Simply hang a bar of the soap not too far from your bird feeder. To protect wildlife, make sure to place the bar of soap in an old sock. You'll also want to reconsider this strategy during the summer, when sweltering temperatures can turn a bar of soap into a hot mess in just a few hours.
13. Buy a squirrel stopper pole
If you want to make sure your squirrels don't get anywhere near your bird feeders, you might want to buy a ready-to-install squirrel stopper pole and baffle set, like this one. A squirrel stopper pole combines many of the tactics discussed about for a near-100% squirrel proof bird feeder.
Best of all, you can hang your favorite bird feeders right from the pole. No need to go out and buy special feeders or get rid of the bird feeders you already love. Simply hook them right on to the squirrel proof feeder pole and enjoy!
So, there you have it! Our 13 best strategies to keep squirrels away from trees, bird food and and feeders. Let us know what methods work best for you in the comments!
Avoid These Harmful Methods of Repelling Squirrels
Listen, most of us don't want squirrels wreaking havoc on activities, shelters and amenities we've created as safe havens for beloved birds. But, no matter how frustrated and bewildered we become, we will never suggest a harmful method of keeping squirrels out of bird feeders.
After all, just like the cute little birds who visit your backyard, squirrels are scavengers looking for their next meal. You don't want them to starve! You just want them to not take your bird feeders hostage!
It's likely someone, somewhere along the way, has recommended one of these ways to keep squirrels out of bird feeders. If you've heard any advice like this, our Happy Gardens team implores you to throw it out the window.
No Glue and Other Adhesives
Any method that seeks to "catch" squirrels is cruel and unusual punishment. While you may keep squirrels out of your bird feeder, at what cost? The best case scenario is that they rip off their fur trying to scape, which is just awful. Plus, when they do escape, they could easily eat toxic glue trying to clean themselves.
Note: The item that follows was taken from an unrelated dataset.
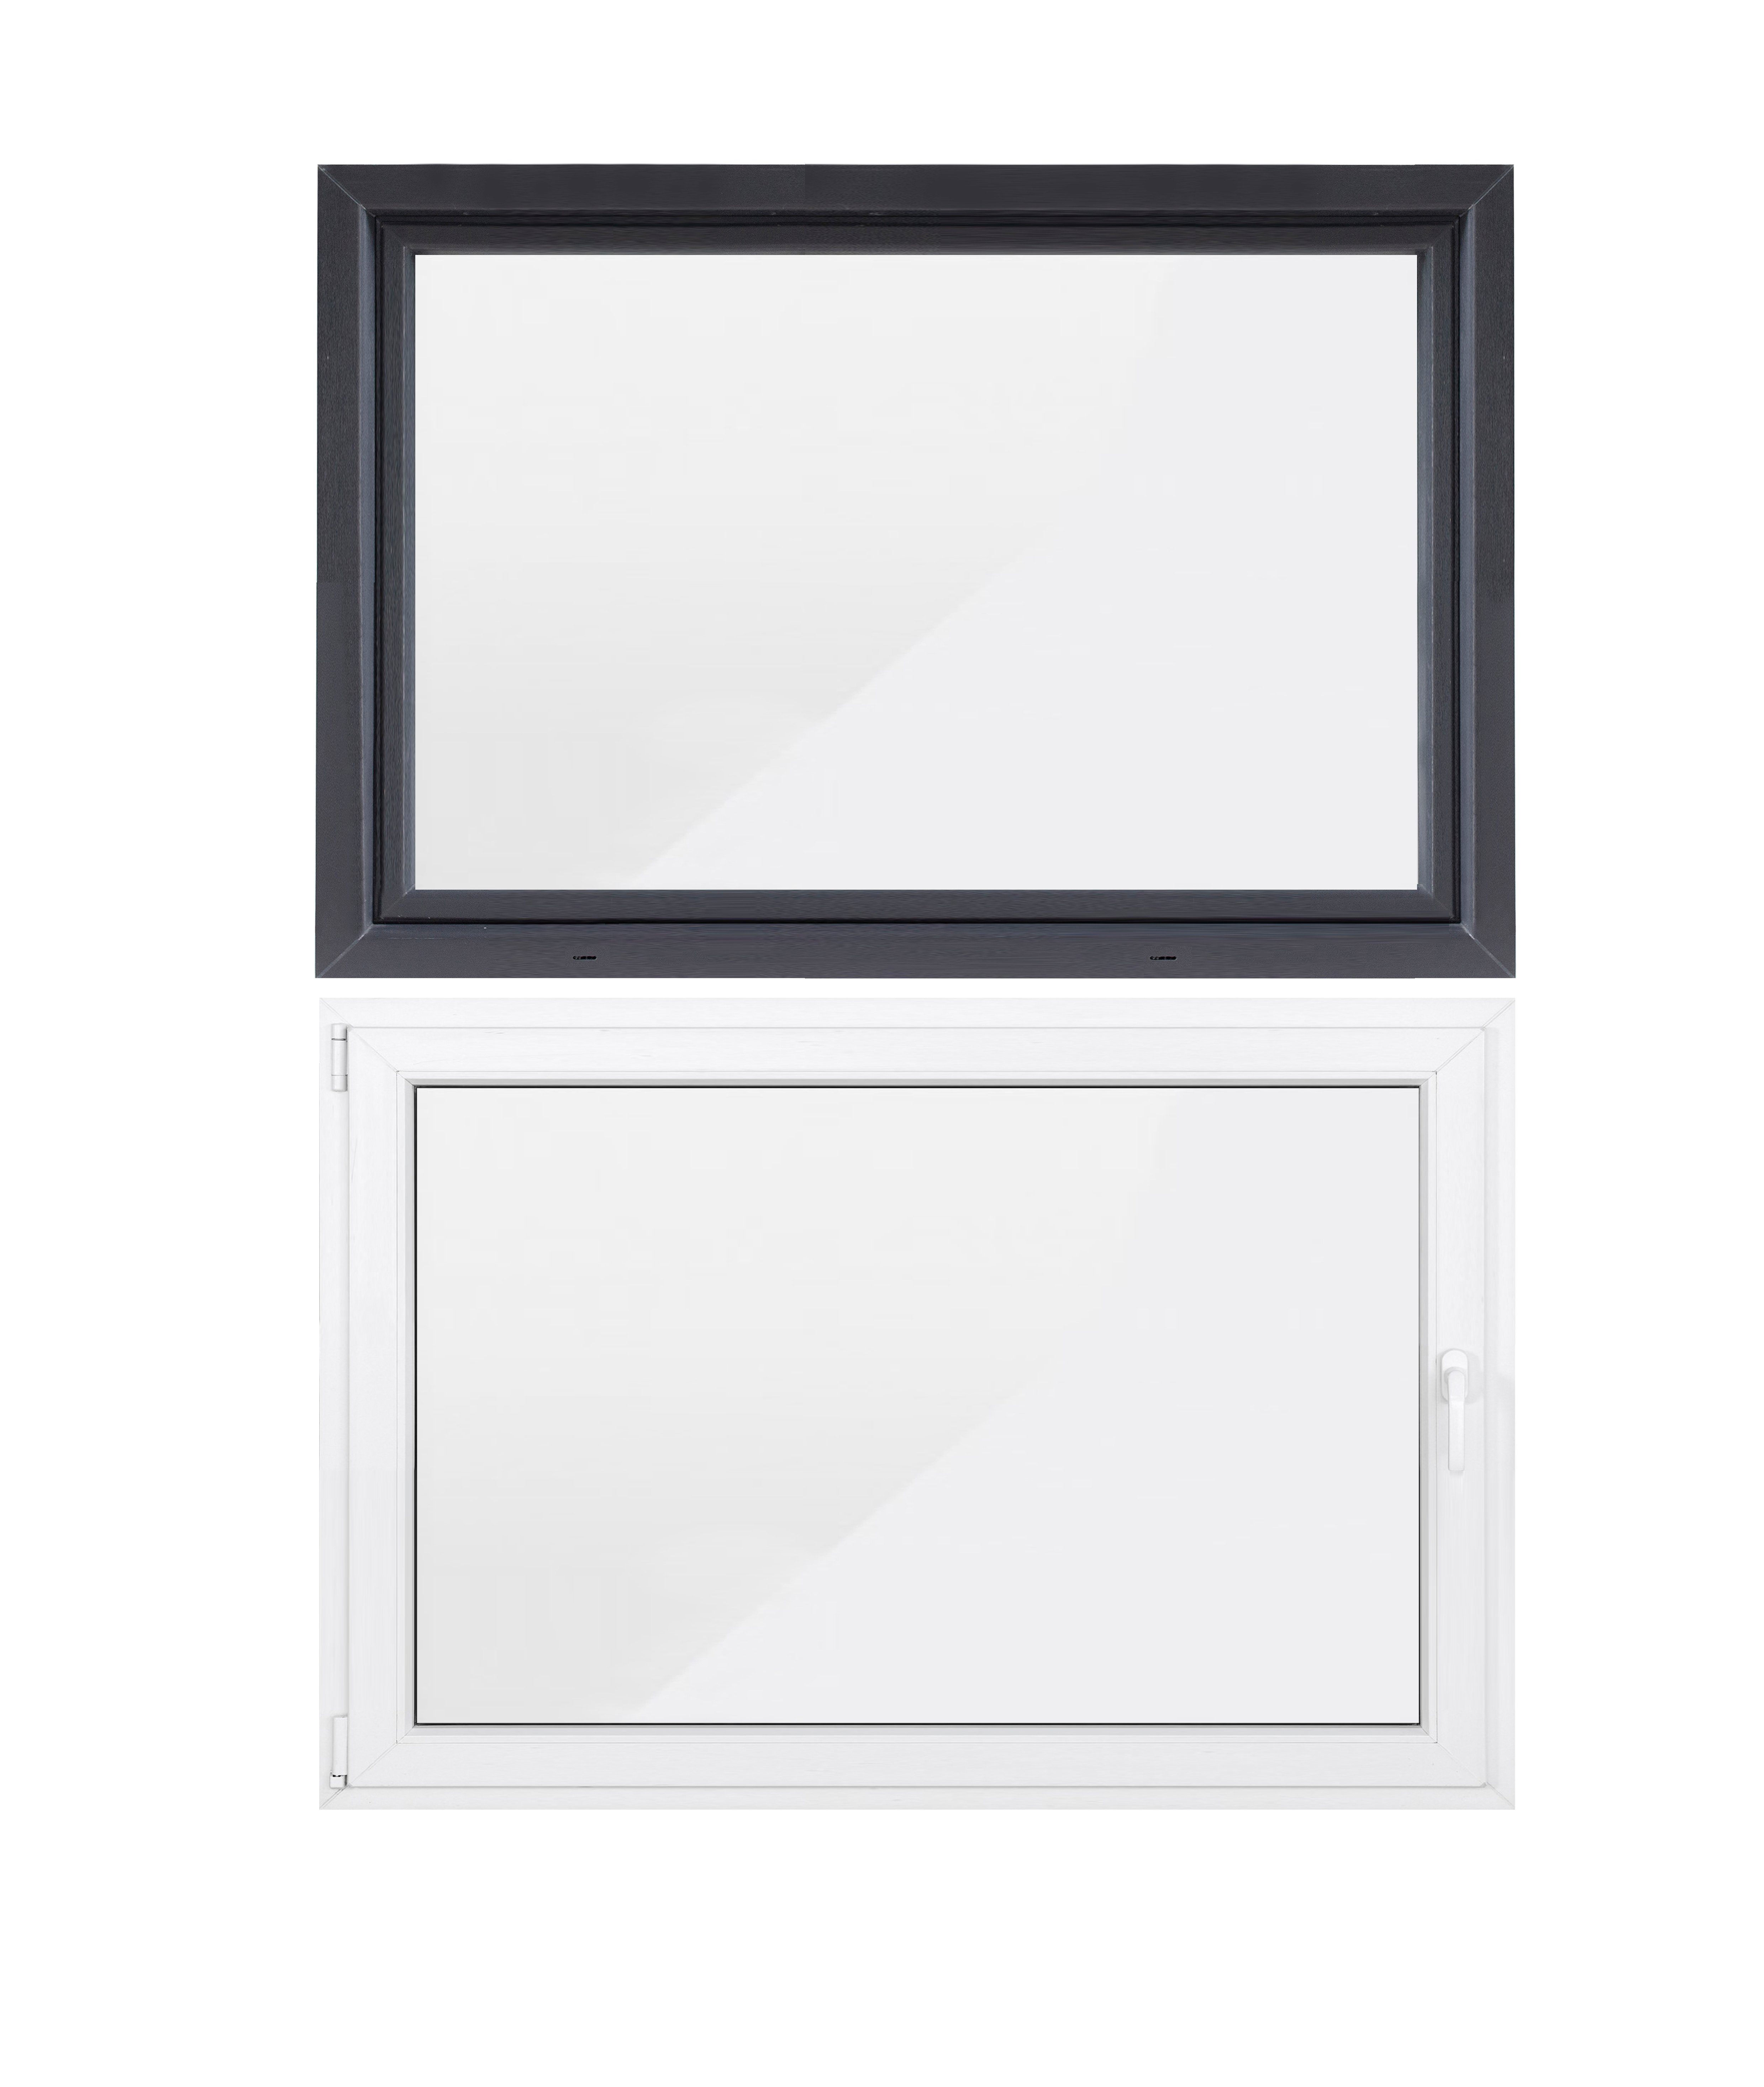 SN Deco Kellerfenster »Kellerfenster, 1 Flügel, 800x400, 2-fach Verglasung,  außen anthrazit/innen weiß, 70 mm Profil«, RC2 Sicherheitsbeschlag

Worst case scenario, squirrels could stay stuck on the poles indefinitely.
No Poison, Ever
If anybody (or any article) suggests planting poison to keep squirrels out of bird feeders, walk away! Poisoning squirrels who are just looking for a little lunch is cruel. And it puts everyone else who shares a yard with those squirrels at risk, too. Your children, your dogs, your cats, and those birds you've been enticing, too.
No Petroleum Jelly or Grease
Petroleum jelly is sometimes touted as a way to squirrel proof bird feeders. Greasing up a feeding pole to keep squirrels away is downright inhumane. They sustain serious injuries if they slip, slide or fall off a pole too quickly or clumsily.
What's more, the grease can be really hard to get off their coats. They may eat some while they try to groom themselves. Or they can damage their fur and struggle to stay warm during colder months. Not good!